Fortunately, the use of DDT was discontinued more than 30 years ago and was banned in the United States, though it’s still being used in many third world countries.

Pesticides also contain heavy metals that can result in groundwater contamination and can contaminate the lake, affecting water organisms. Herbicides, likewise, have detrimental effects on the plants, animals, and water systems.

There are a number of environmentally-friendly solutions for many of our gardening problems without resorting to harsh damaging herbicides and pesticides. The library and Internet can help you find alternative controls to these chemicals. One of my favorite books on the subject is in the library called “Bugs, Slugs, and Other Thugs.”

There are other chemicals that can accidentally contaminate our land and water. Oil-based paints, over time, can eat away at their containers and escape into groundwater, leaching heavy metals into water sources. Old oil-based paint cans need to be properly disposed of. Many types of antifreeze contain toxins which are harmful and even deadly to children, pets, and wildlife, if consumed. There are a number of more environmentally friendly ones now on the market. Antifreeze changes the pH level in water and should never be dumped into surface water or near groundwater sites.

Unwanted herbicides, antifreeze, pesticides, oil paint, and other hazardous materials may be safely disposed of during the second or third week of October, when the City sponsors its annual hazardous waste collection. The dates for the pickup will be posted when they’ve been set.

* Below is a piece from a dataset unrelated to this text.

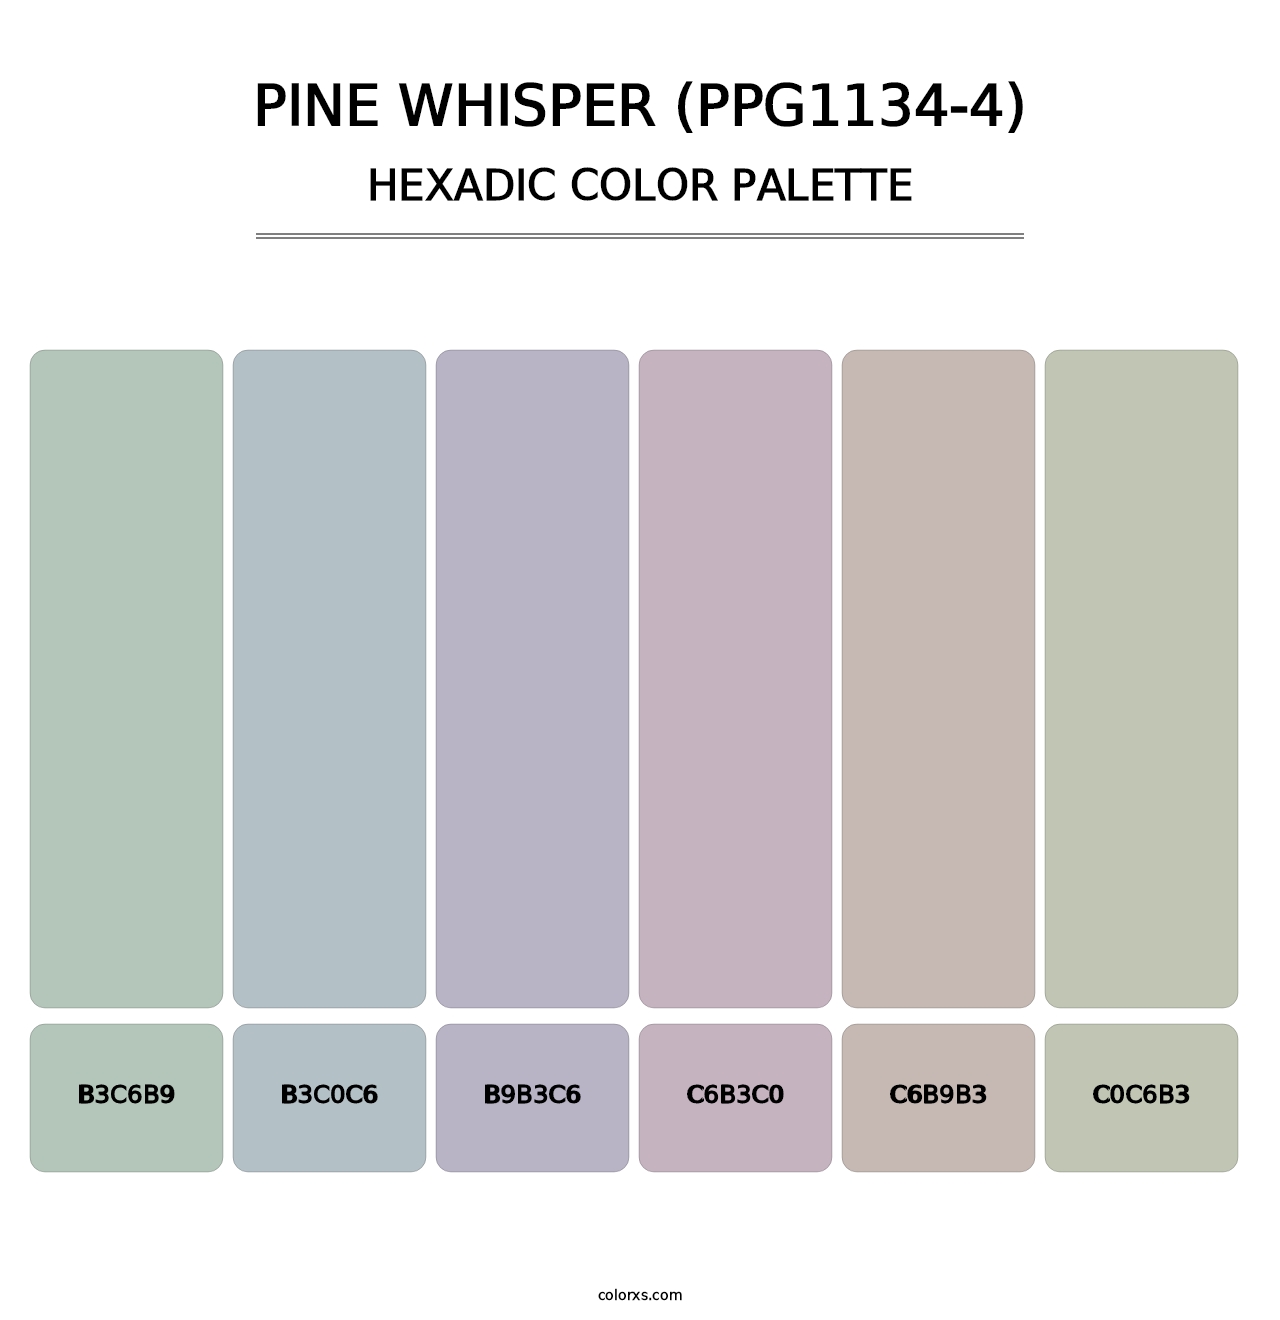 Pine Whisper (PPG1134-4) - Hexadic Color Palette

In my next column, I will continue the discussion of what residents and visitors to Mackinac can do to help protect our beautiful Island home. I’ll leave you this week with the words of John McConnell, the founder of Earth Day, in an invitation to people to become Earth Trustees:

“Our beautiful planet Earth, filled with pain and suffering, capable of life, beauty, and love, is being destroyed by ignorance, greed, and waste. The nurture and renewal of Earth is our most urgent task. To this end we, individually and with the help of others, seek in our jobs, buying habits, travel, land use, and other actions - at home, work, and play - to respect and protect Earth’s amazing web of life, its soil, water, air, plants, and living creatures, to act as trustees of our portion of our planet.”

I hope you will all become good trustees of Mackinac Island and of the whole world.

Trish Martin is a year-around resident of Mackinac Island, has earned a master’s degree in botany from Central Michigan University, and owns Bogan Lane Inn.